Greg Lucier, president and CEO of GE Medical Systems Information Technologies, added: "This project is really the representation of two important trends in health care. The first is specialised medicine. And the second is the revolution that has to take place in the use of information technology. We are excited to be able to provide the breakthrough devices, the communication networks and the integrated information systems to bring about the fundamental change in clinical work flow which will take place at the Indiana Heart Hospital."

The Indiana Heart Hospital selected GE Medical Systems as its clinical technology partner to provide the all-digital hospital with advanced diagnostics, medical imaging and clinical information systems, including wireless, handheld communication technologies and the GE Centricity Information System.

Current trends in health care make the all-digital concept crucial, according to Mr. Veillette. "We must recognise that the average nursing age is 45 or older and that fewer and fewer people are coming into the field", Mr. Veillette stated. "The aging of the baby boomers means we have to find more efficient ways to take care of three times as many patients, with staffing levels that will be decreasing. The only way to do that is with information technology."

Planners representing physicians, nurses, technicians and patients studied 18 functional areas looking for ways to improve effectiveness. All recognised the importance of handling information efficiently. "Service will be provided not only at the point of care but at the point of the care giver", stated Dr. Venturini. "All orders and activities pertinent to the care of the patient will be dispensed at the bedside. But likewise, at every computer screen in the hospital, I or any other caregiver will also be able to provide care. We can document, we can write orders, and we can review. That is critically important. By doing that, we will enhance quality and safety."
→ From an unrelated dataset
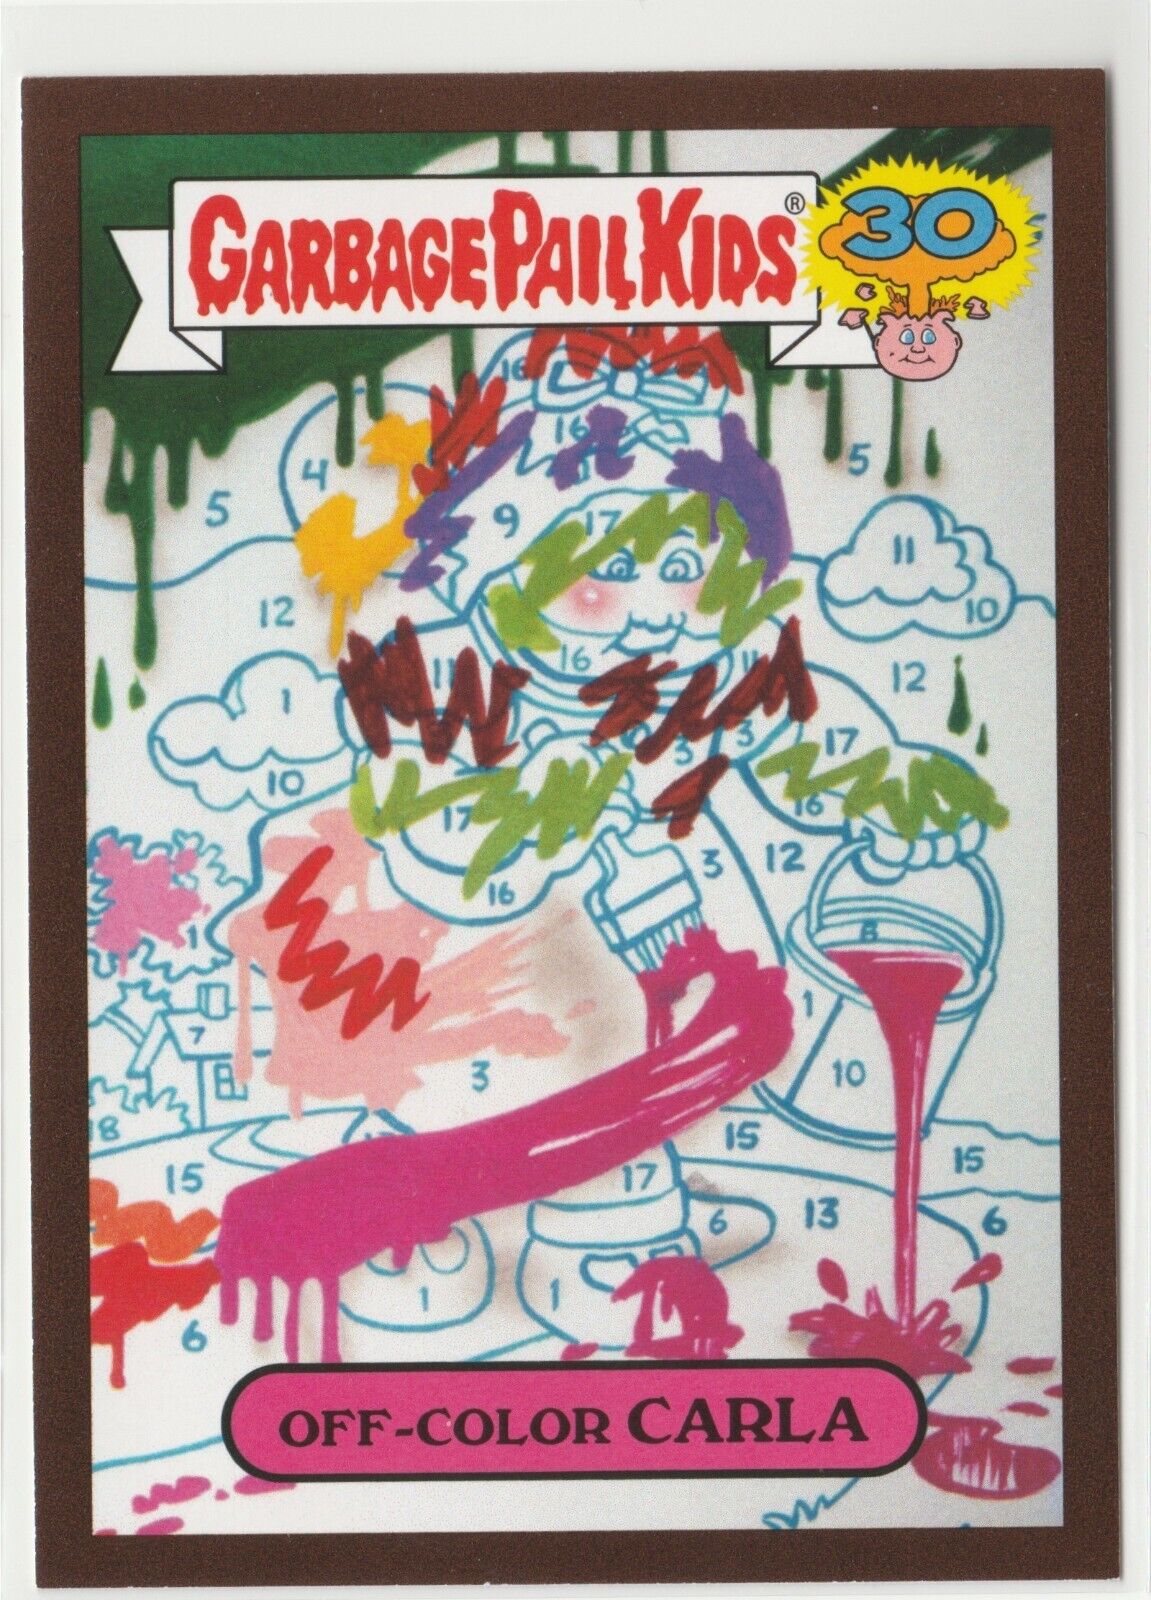 Garbage Pail Kids Off-Color Carla #3a RARE BROWN 2015 30th Anniversary GPK 3970

GE has partnered with the Community Health Network since 1996 to pioneer clinical information systems in various departments. Together, these elements now will be manifested into a fully operational, hospital-wide clinical information system at the Indiana Heart Hospital. As the Indiana Heart Hospital's technology partner, GE will provide GE Centricity integrated with a comprehensive offering of the most advanced cardiology equipment available today. It includes innovations like the all-digital cardiovascular imaging system, GE Innova 2000; gender-specific ECG to test women's heart waveforms, the GE GenderSmart 12SL; a 30-minute cardiac exam, using the advanced GE Signa MRI system; and a complete offering of cardiac devices.